# Suse 9 und terratec sixpack 5.1 problem



## risco (17. November 2003)

Hallo!
ich hab mir vor ein paar Tagen das neue suse 9.0 geholt, es läuft prima aber meine soundkarte will nicht richtig funzen...
Ich kann zwar was hören aber nur leise und ich höre meinen subwoofer nicht.
ich hab das terratec sixpack 5.1 an einer 5.1 lautsprecher anlage angeschlossen.
unter windows läuft es einwandfrei... was kann ich da machen?ausser auf windows zu bleiben oder neue soundkarte holen oder auf sound zu verzichten?

danke im vorraus
risco.

ps.
wollt ja noch hallo sagen weil ich hier neu bin.! 
in diesem sinne: HALLO!


----------



## Thomas Kuse (17. November 2003)

Ich hab das Problem bisher mit jedem Linux gehabt...vielleicht kennt wirklich einer eine Lösung, die es uns erlaubt unsere schönen 5.1 Sound-Kanäle zu benutzen.
Linux scheint an sich nur die beiden Front - Kanäle anzusprechen.

Es gibt verschiedene Soundmanager unter den Linux-Distris (OSS, ALSA..) ist da irgendeiner prädestiniert für 5.1?

PS: hab nforce2 onboard 5.1 sound auf meinem gentoo 1.4


----------



## SpitfireXP (11. Februar 2004)

Also, bei mir läuft das ding wie sau.

Nur halt ohne den Optischen Ausgang.
Der ist mir eigentlich sehr wichtig.
Aber ich habe auch keine Lust mir eine neue Soundkarte zu kaufen...

Die treiber sind vom ALSA..

Wegen dem leise... Log dich mal als root ein, und geh auf das Kontrollzentrum.

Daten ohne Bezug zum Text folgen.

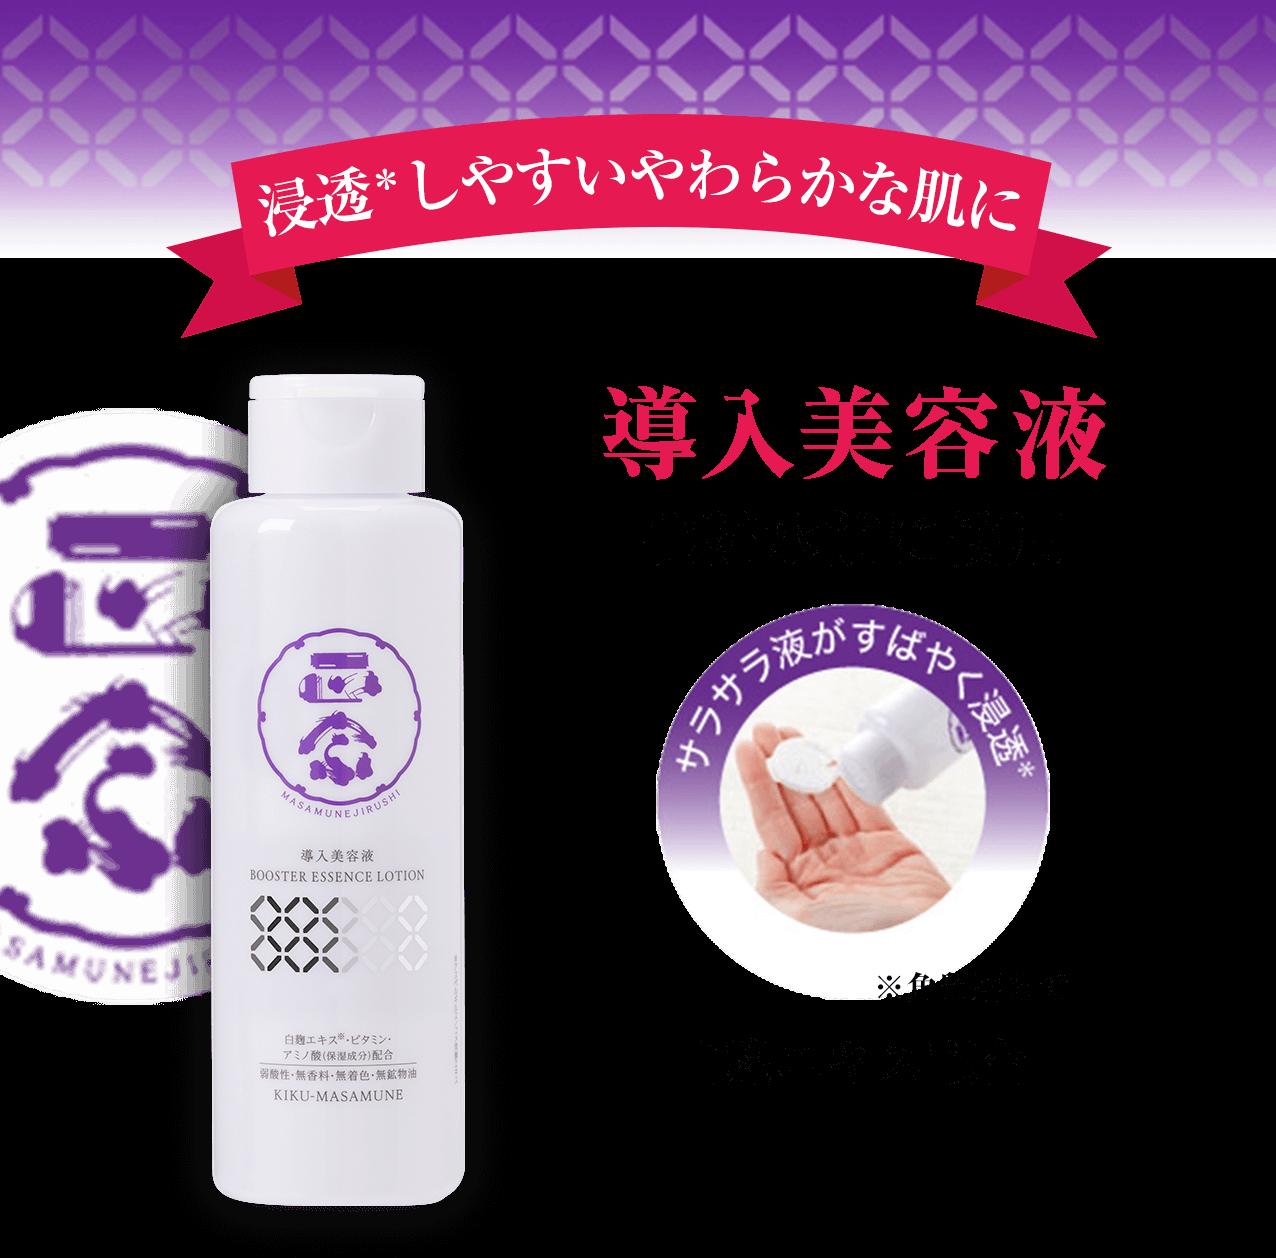 浸透*しやすいやわらかな肌に 導入美容液 化粧水前に使用

Dann auf Yast2 und auf Sound. Dann die Soundkarte auswählen un dauf ändern klicken. Im Mixer einfach mal die Lautstärcken hochziehen. Bei mir klappt es dann einwandfrei...


----------



## hempi (21. Februar 2004)

huhu ich bin auch neu.

Hab auch ein Problem mit meiner Sixpack 5.1 aber ich höhr gar nichts, was hast du denn gemacht das die überhaupt läuft

Greez 

hempi


----------



## SpitfireXP (22. Februar 2004)

> _Original geschrieben von hempi _
> *huhu ich bin auch neu.
> 
> Hab auch ein Problem mit meiner Sixpack 5.1 aber ich höhr gar nichts, was hast du denn gemacht das die überhaupt läuft
> ...



Ich habe sie einfach nur erkennen lassen und automatisch konfigurieren lassen.
Dansch noch die Lautstärken eingestellt, fertig.

P.S.: Das mit dem 5.1 läuft doch nicht so richtig. Ist mir nur vorher nicht aufgefahlen, da ich einen Externen Decoder habe, der das Signal hochrechnet. Sorry


----------



## hempi (24. Februar 2004)

ja hab sie inzischen auch zum laufen bekommen aber mein mircofon will einfach nicht gehen
ich bin darauf angewiesen das Teamspeak funktioniert aber leider gehts nicht, weiss nicht mehr weiter


----------